Appendicolith

Appendicolith

Description, Causes and Risk Factors:

Appendicolith is a calcified concretion in the appendix visible on an abdominal radiograph; considered diagnostic of appendicitis in the acute abdomen.

Appendicolith is a conglomeration of firm feces with some mineral deposits. It is usually found accidentally in abdominal computed tomography (CT) without any signs of appendicitis. Appendicolith may obstruct the appendix lumen, causing appendicitis and is found in approximately 10% of patients with appendix inflammation. Appendicitis which is caused by appendicolith is more commonly associated with perforation and abscess formation.

Appendicoliths are seen in about 10% of patients with acute appendicitis. They are more frequently associated with appendix perforation and abscess formation. The appendicolith obstructs the appendix lumen. It also destroys the mucosa with it's local mass effect. Gangrene in the appendix is inevitable. It is important to point out that patients with appendicolithiasis are at increased risk of appendix perforation and abscess formation.

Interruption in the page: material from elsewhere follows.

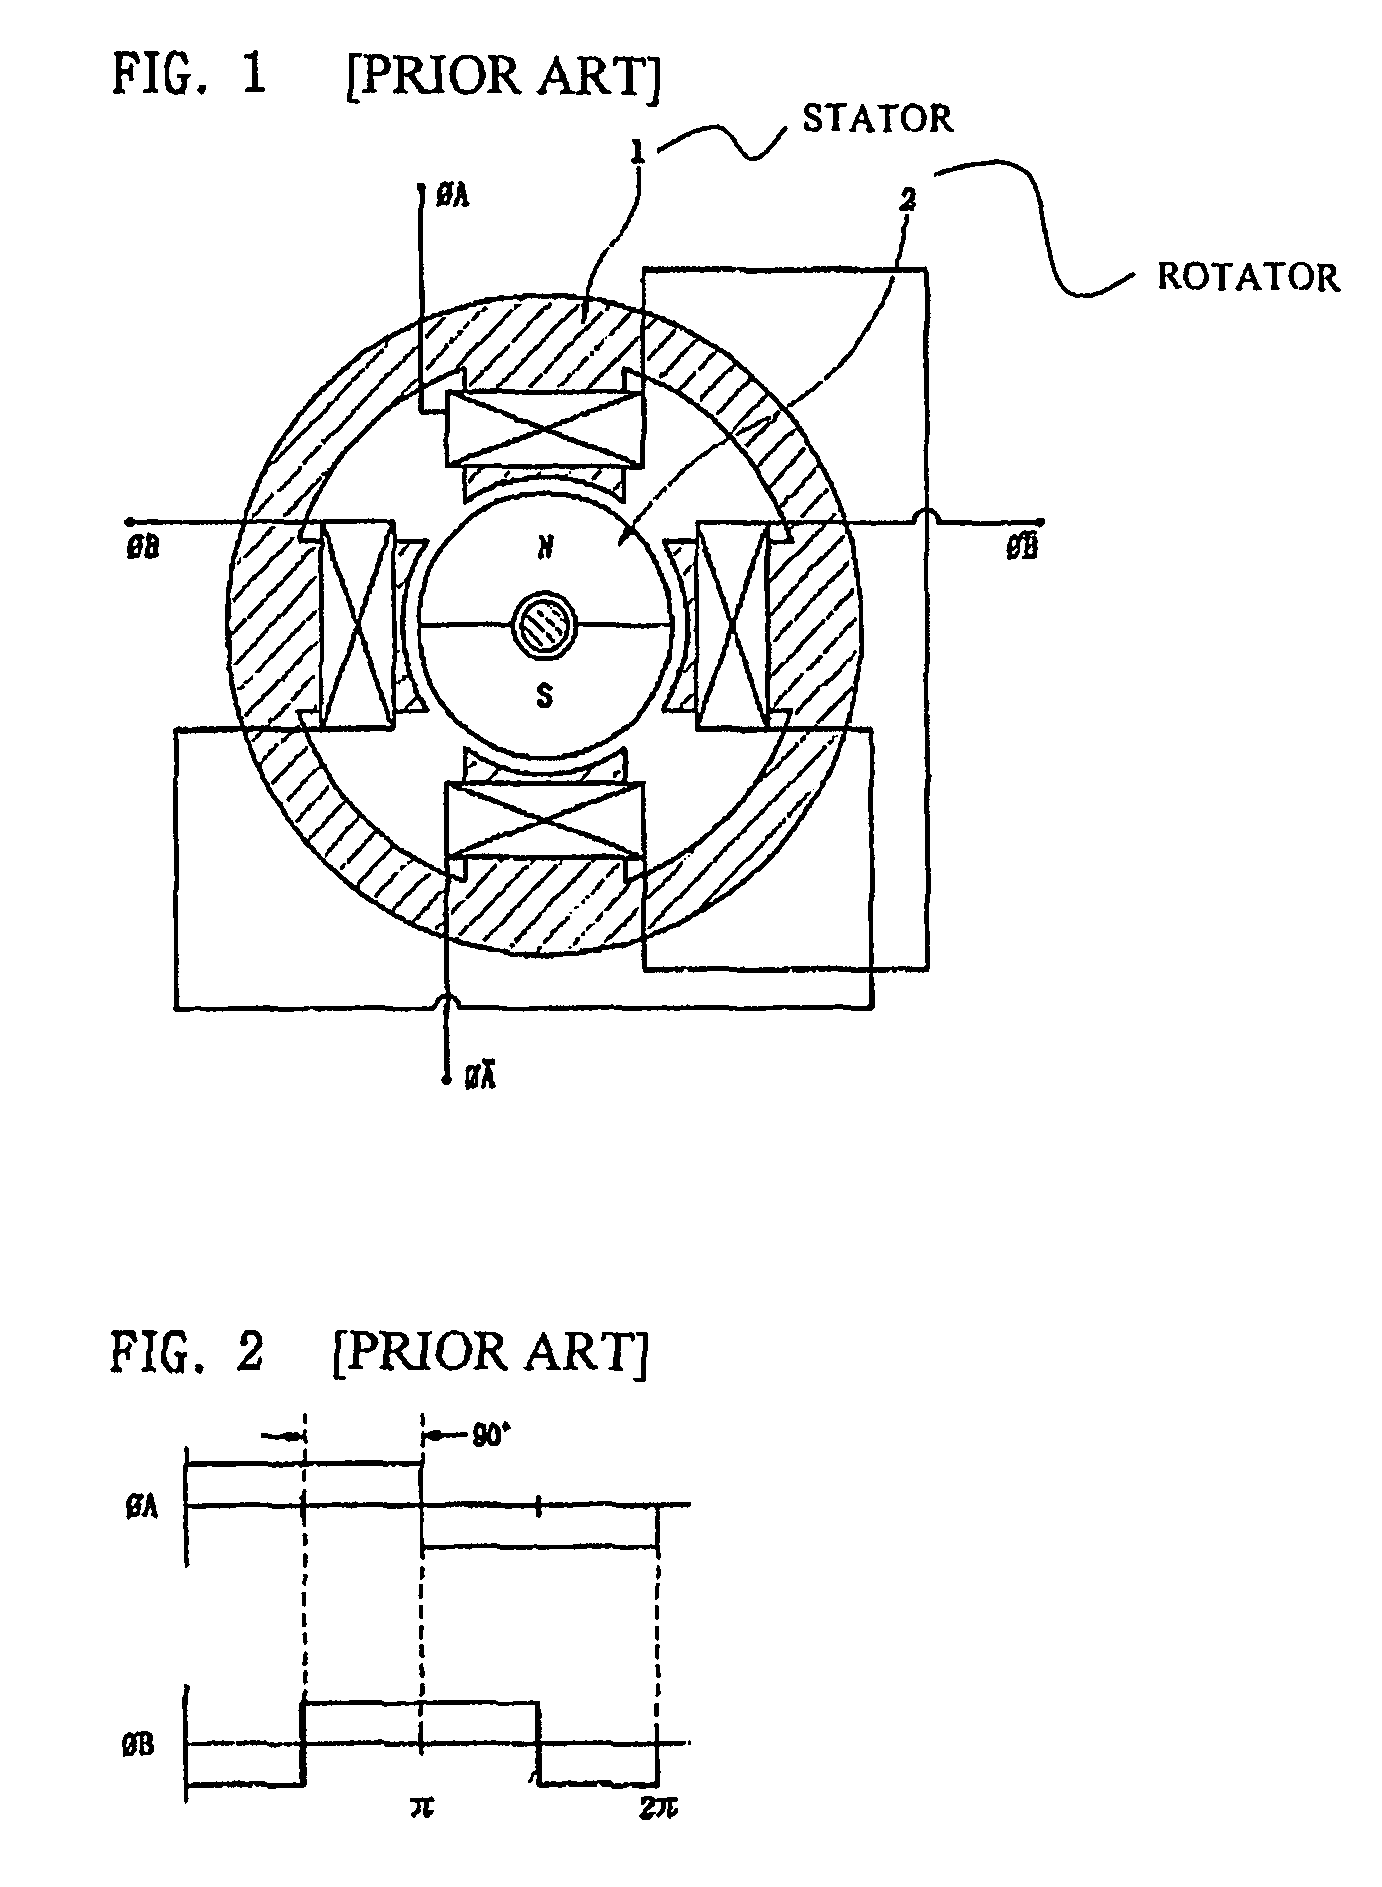 Two-phase brushless DC motor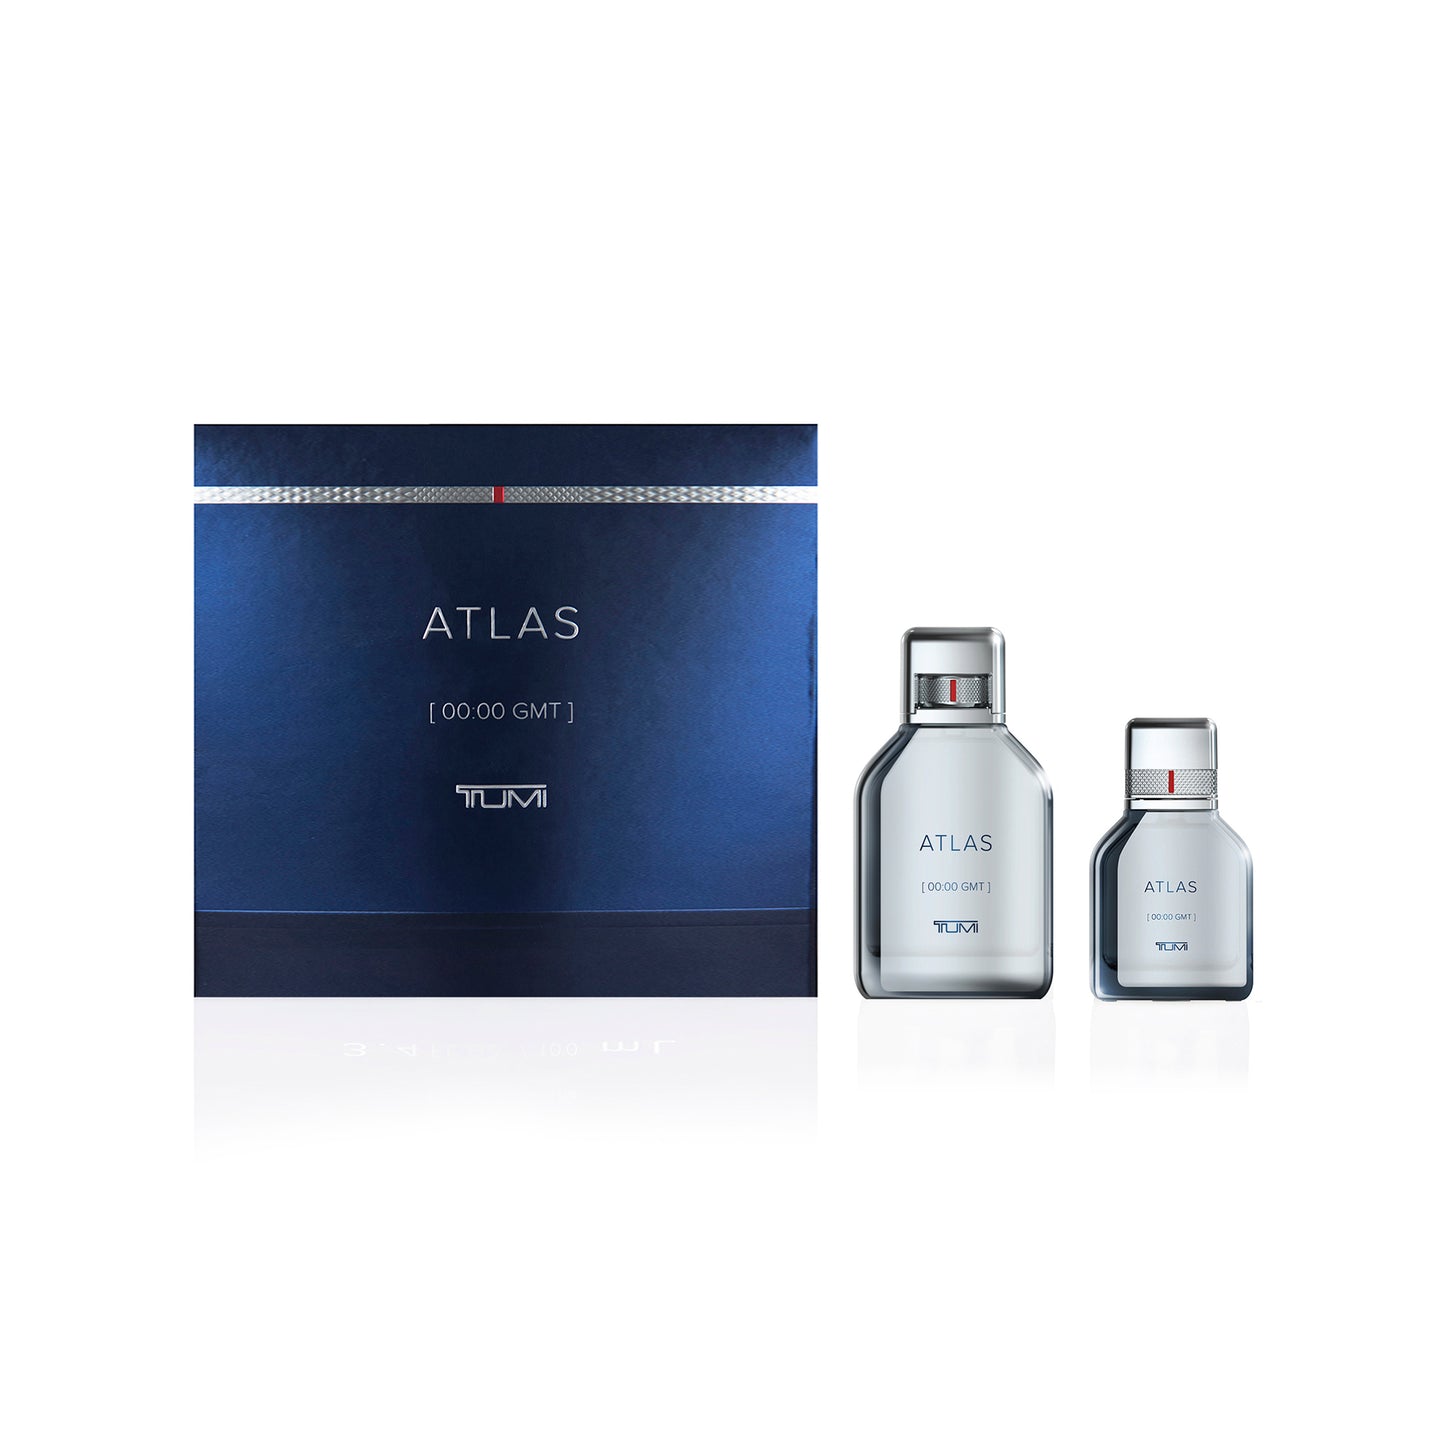 ATLAS [00:00 GMT] TUMI - 3.4 oz + 1.0 oz Eau de Parfum Gift Set

Appendicolith may cause intermittent abdominal pain. It may mimic stone disease of the Genitourinary tract. Sometimes it can be difficult to differentiate acute appendicitis from appendicolith. Both of these pathologies may cause leukocytosis and hematuria. Abdominal findings such as right lower quadrant pain and rebound tenderness can be detected in appendicitis and urolithiasis.

Appendicolith may also cause appendicitis with serious complications including perforation and intra-abdominal abscess formation.

Symptoms:

Symptoms include:

Intermittent abdominal pain.

appendicolith
  • Anorexia.
  • Nausea and vomiting.
  • Fever.
  • Pain migration

Most of the patients with appendicoliths are asymptomatic. However, appendicoliths may also cause serious appendicular inflammation and peritonitis.

Diagnosis:

Appendicoliths can be detected in abdominal x-ray when they are sufficiently calcified. USG (ultrasonography) and CT may also help in the diagnosis of an appendicolith. The definitive diagnosis of appendicolithiasis could be done with abdominal CT.

Treatment:

Laparoscopy is becoming the preferred approach for various abdominal surgeries. Since the development of laparoscopic ultrasonography (LUS) probes that can be inserted through laparoscopic ports, LUS has been introduced to compensate for this limitation in various laparoscopic abdominal surgeries. Although the laparoscopic removal of appendicoliths is recommended in patients with retained appendicoliths after appendectomy for minimally invasive treatment, localization of the spilled appendicolith may be also an obstacle to surgeons using a laparoscopic approach.

NOTE: The above information is educational purpose. The information provided herein should not be used during any medical emergency or for the diagnosis or treatment of any medical condition.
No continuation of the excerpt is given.